→ EXERCISE BRIEF: Your task is to return the listing below word for word, without any of its images.

→ INFORMATION PROVIDED:
■ ■ ■ ■

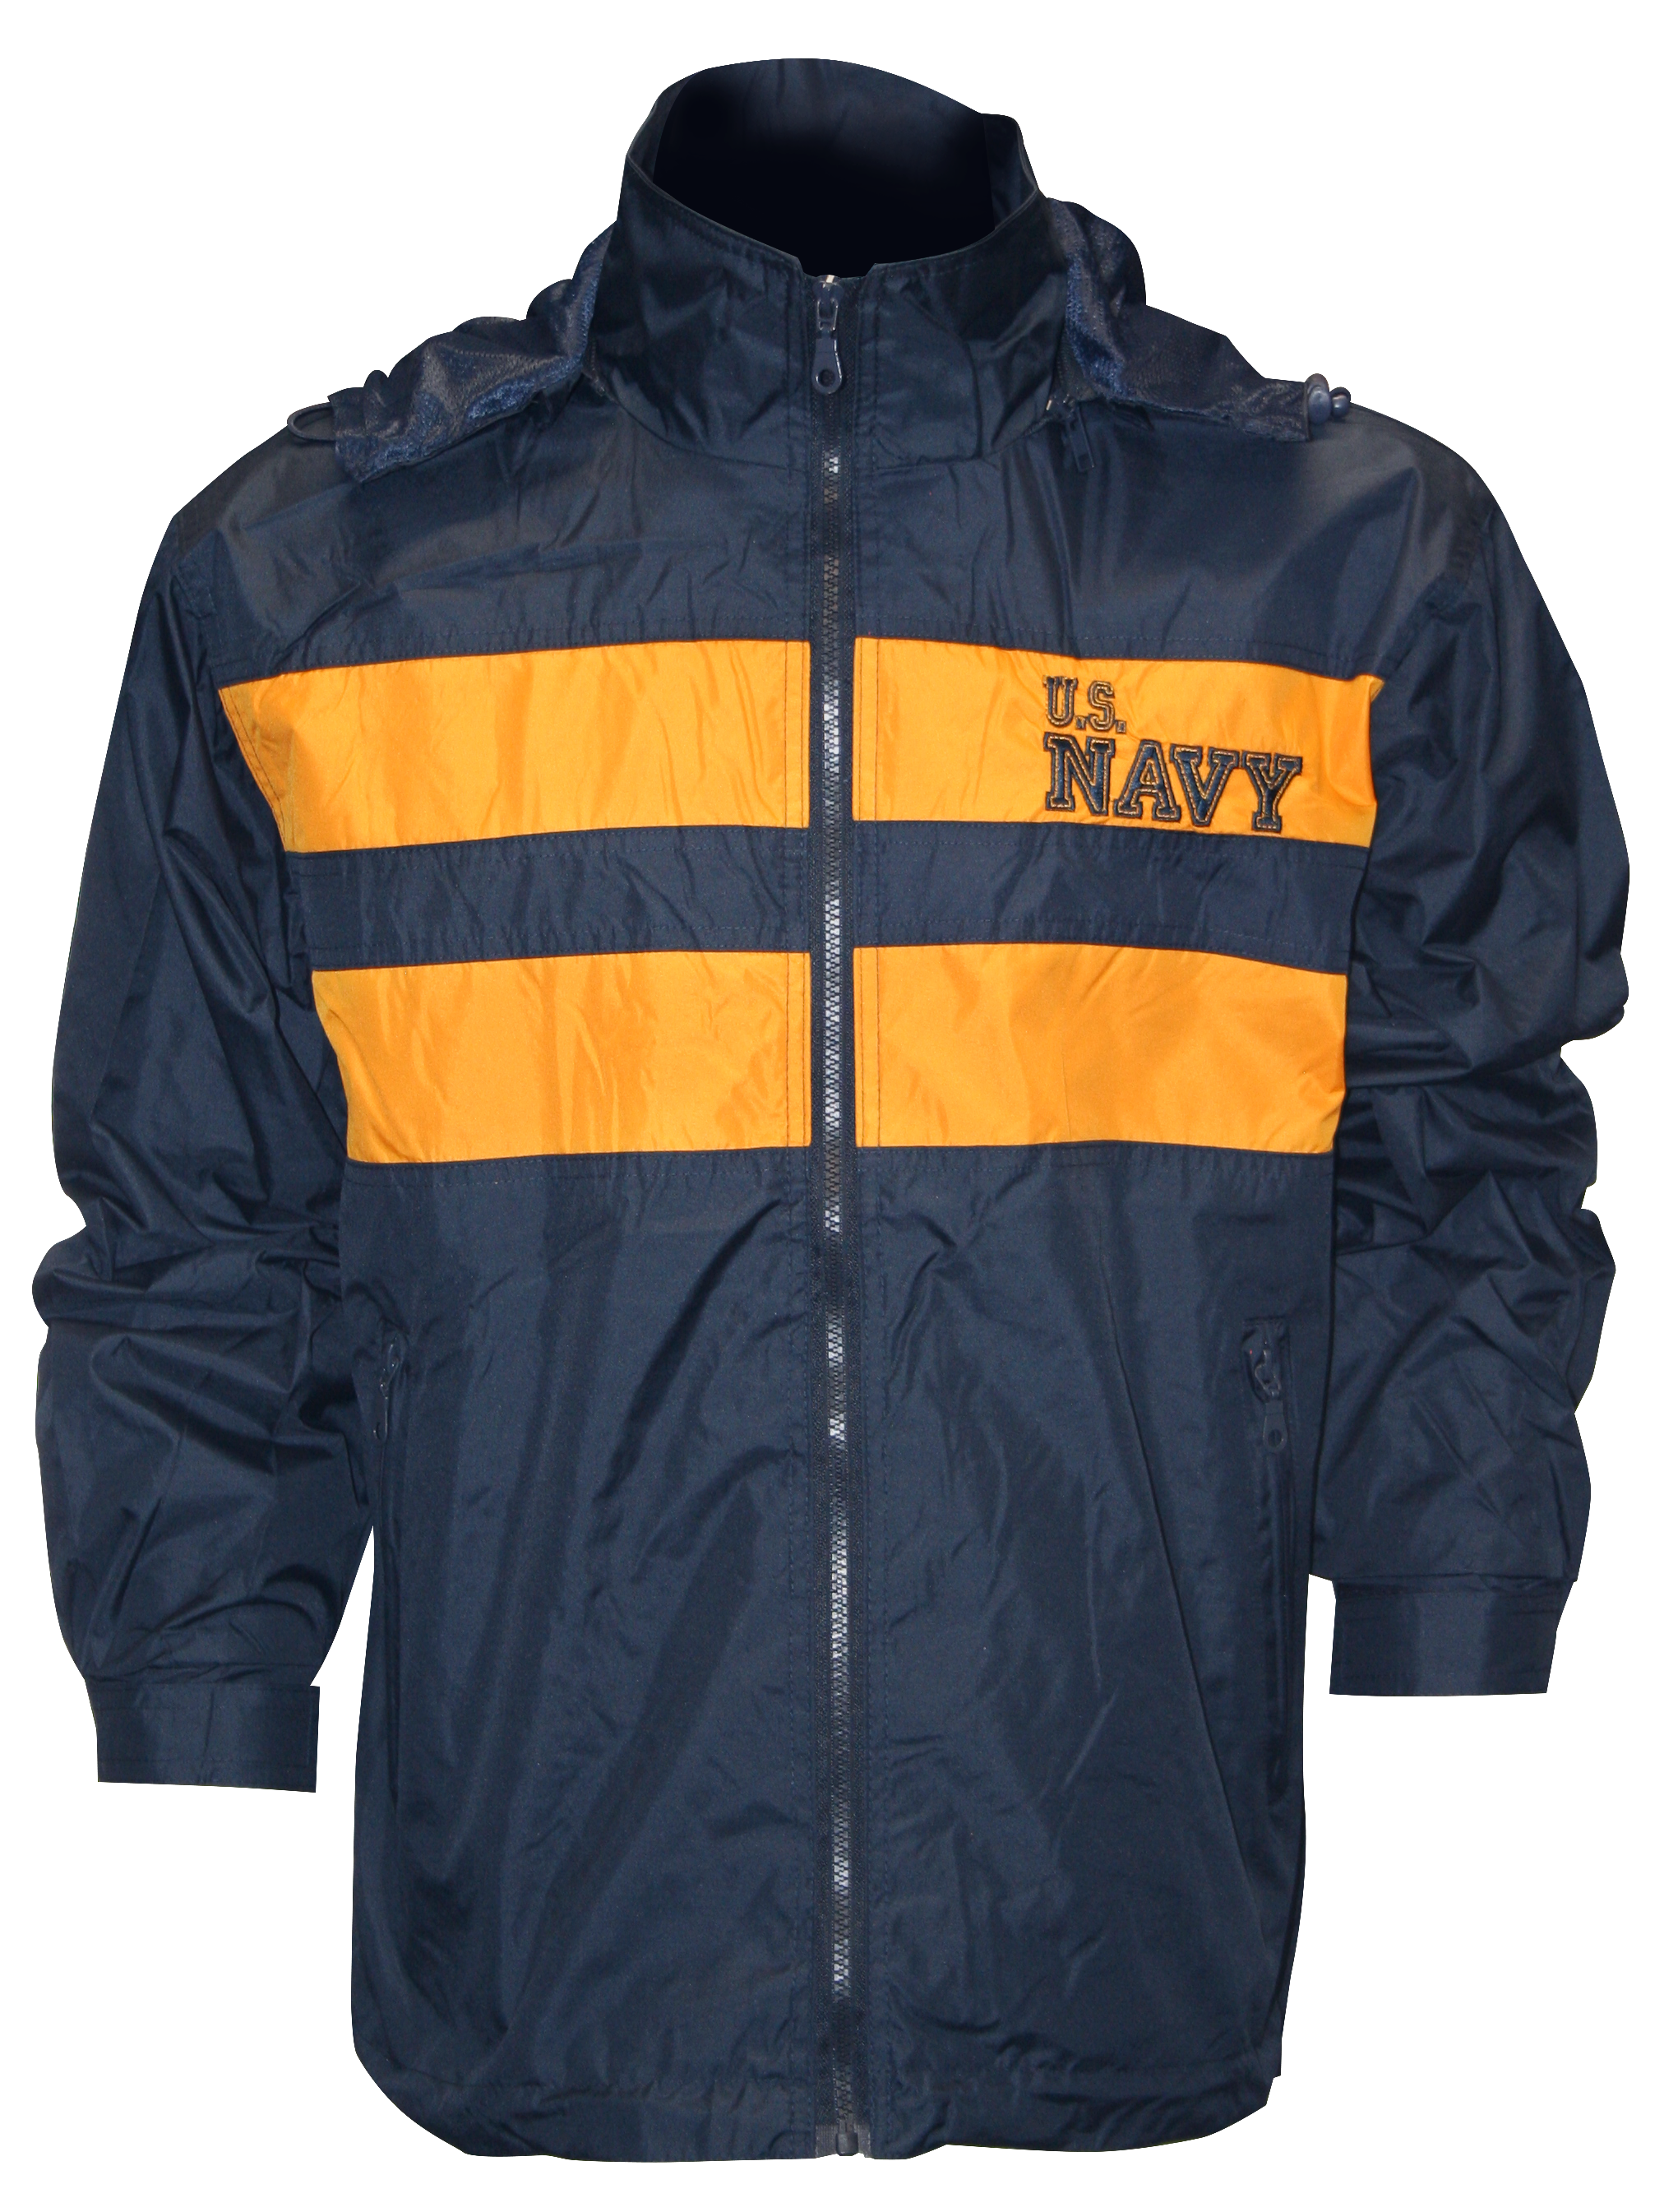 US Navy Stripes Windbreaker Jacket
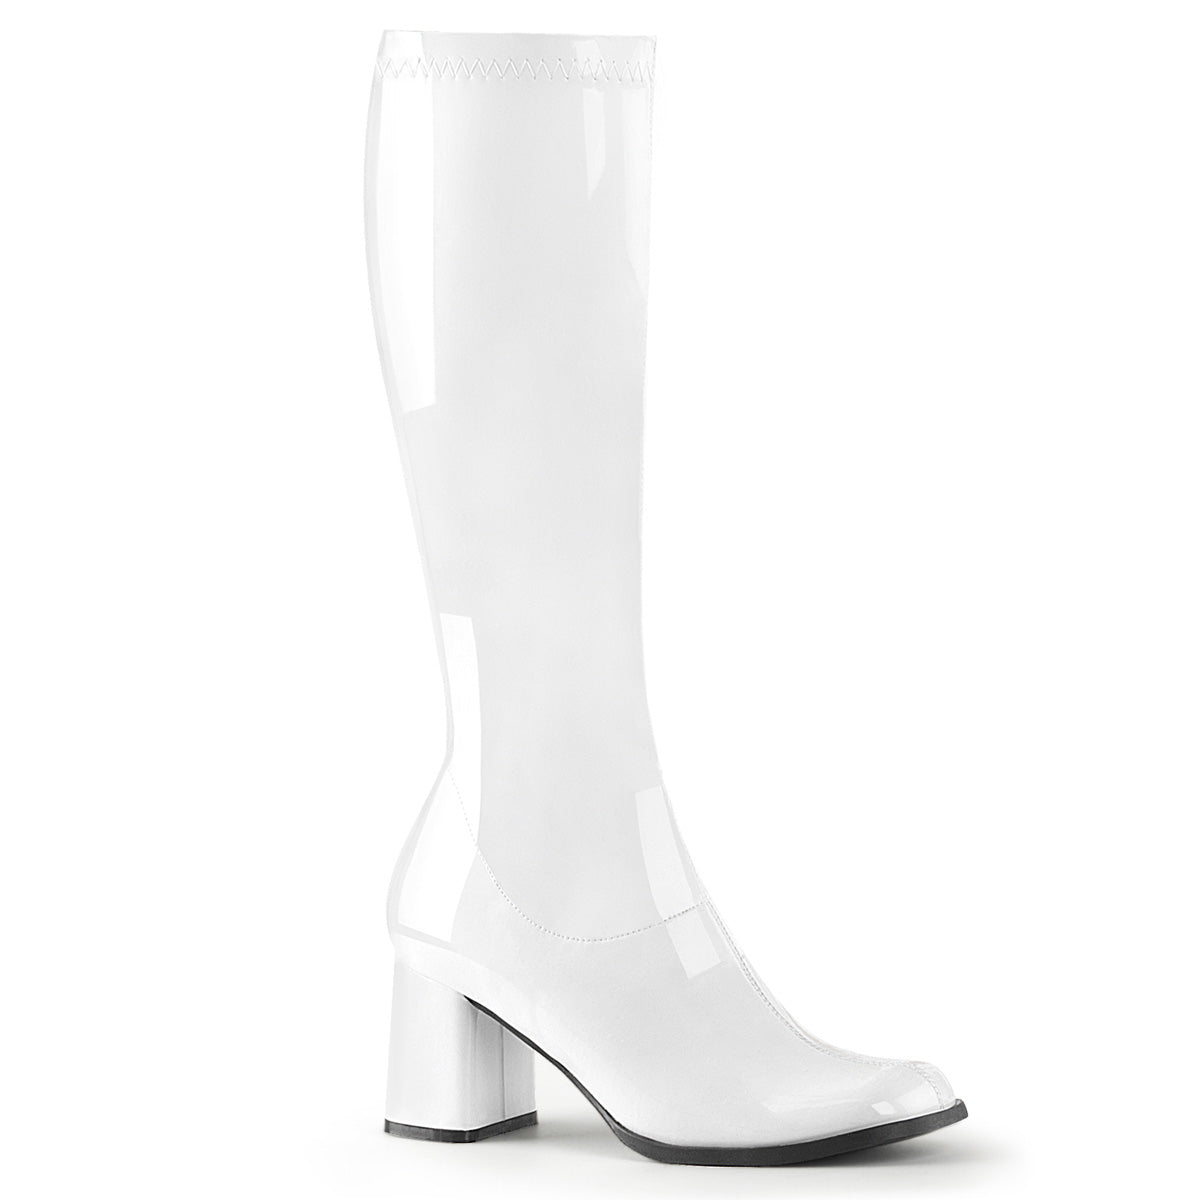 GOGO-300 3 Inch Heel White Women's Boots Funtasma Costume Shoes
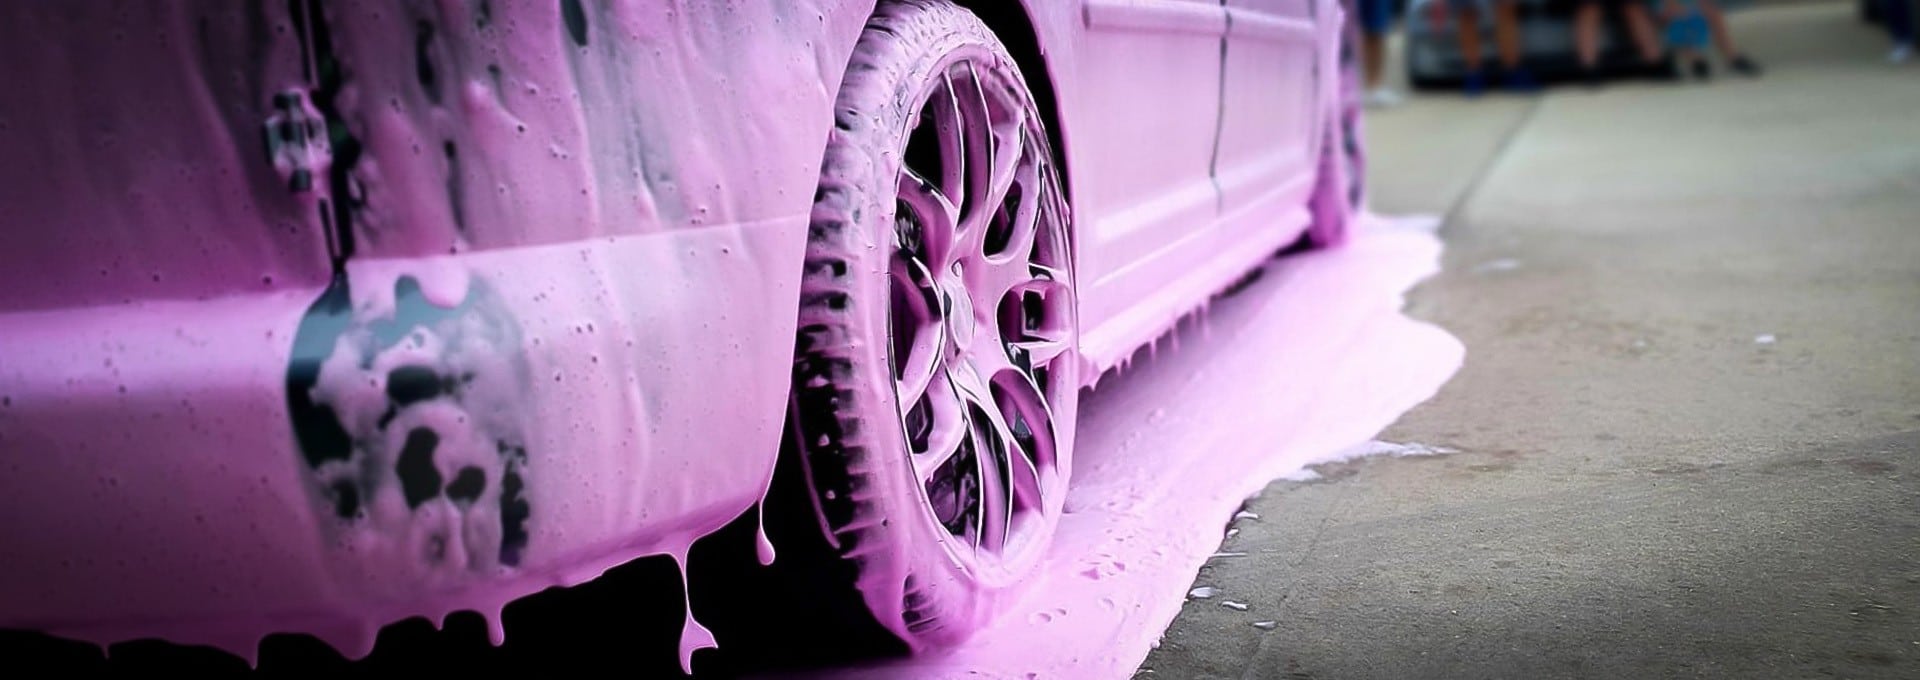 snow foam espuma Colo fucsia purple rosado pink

■ ■ ■ ■

→ ANSWER:
 US Navy Stripes Windbreaker Jacket
 GOGO-300 3 Inch Heel White Women's Boots Funtasma Costume Shoes
 snow foam espuma Colo fucsia purple rosado pink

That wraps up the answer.